Brainstem TIAs are supposedly a rare occurrence. The timing of our patients attack was quite spectacular: 20 minutes earlier and he would have been found asphyxiated in his bed and his death would most likely have been attributed to a coronary event. Thirty seconds later he would have been under anesthesia and subjected to hypothermia, hypotension, and full heparinization from the CPB. We can only speculate what the neurological outcome would have been. If the neurological outcome had been bad, it would have been labeled as a complication of the CPB. It begs the question how often the brainstem TIAs really happen in our cardio vascular-compromised population.

4. Summary

This 76-year-old patient suffered a brainstem TIA before cardiac surgery. The TIA was registered on BIS and resulted in a drop in BIS to a value of 60. When consciousness returned spontaneously, the BIS increased to 85. We believe that the lack of input from the brainstem to the frontal cortex resulted in the reduced cortical electrical activity as registered with the BIS.

References

1. Hayashida M, Kin N, Tomioka T, et al.

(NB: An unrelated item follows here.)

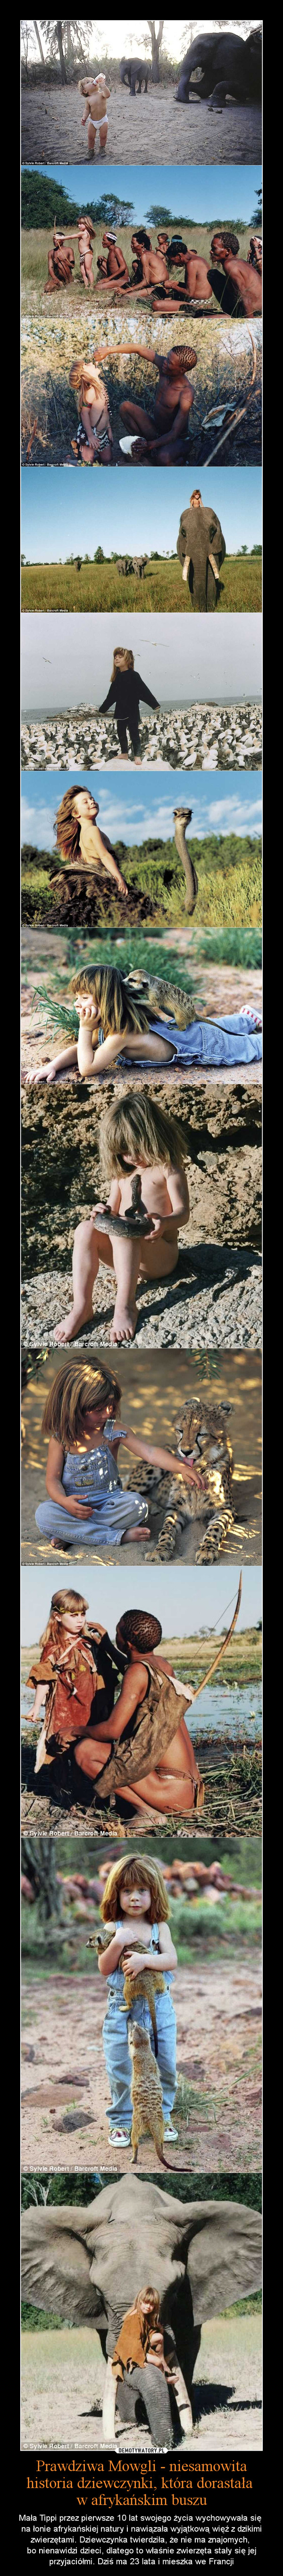 Prawdziwa Mowgli - niesamowita historia dziewczynki, która dorastała w afrykańskim buszu – Mała Tippi przez pierwsze 10 lat swojego życia wychowywała się na łonie afrykańskiej natury i nawiązała wyjątkową więź z dzikimi zwierzętami. Dziewczynka twierdziła, że nie ma znajomych, bo nienawidzi dzieci, dlatego to właśnie zwierzęta stały się jej przyjaciółmi. Dziś ma 23 lata i mieszka we Francji

Cerebral ischaemia during cardiac surgery in children detected by combined monitoring of BIS and near-infrared spectroscopy. British Journal of Anaesthesia. 2004;92(5):662–669. [PubMed]
2. Mourisse J, Booij L. Bispectral index detects period of cerebral hypoperfusion during cardiopulmonary bypass. Journal of Cardiothoracic and Vascular Anesthesia. 2003;17(1):76–78. [PubMed]
3. Azim N, Wang CY. The use of bispectral index during a cardiopulmonary arrest: a potential predictor of cerebral perfusion. Anaesthesia. 2004;59(6):610–612. [PubMed]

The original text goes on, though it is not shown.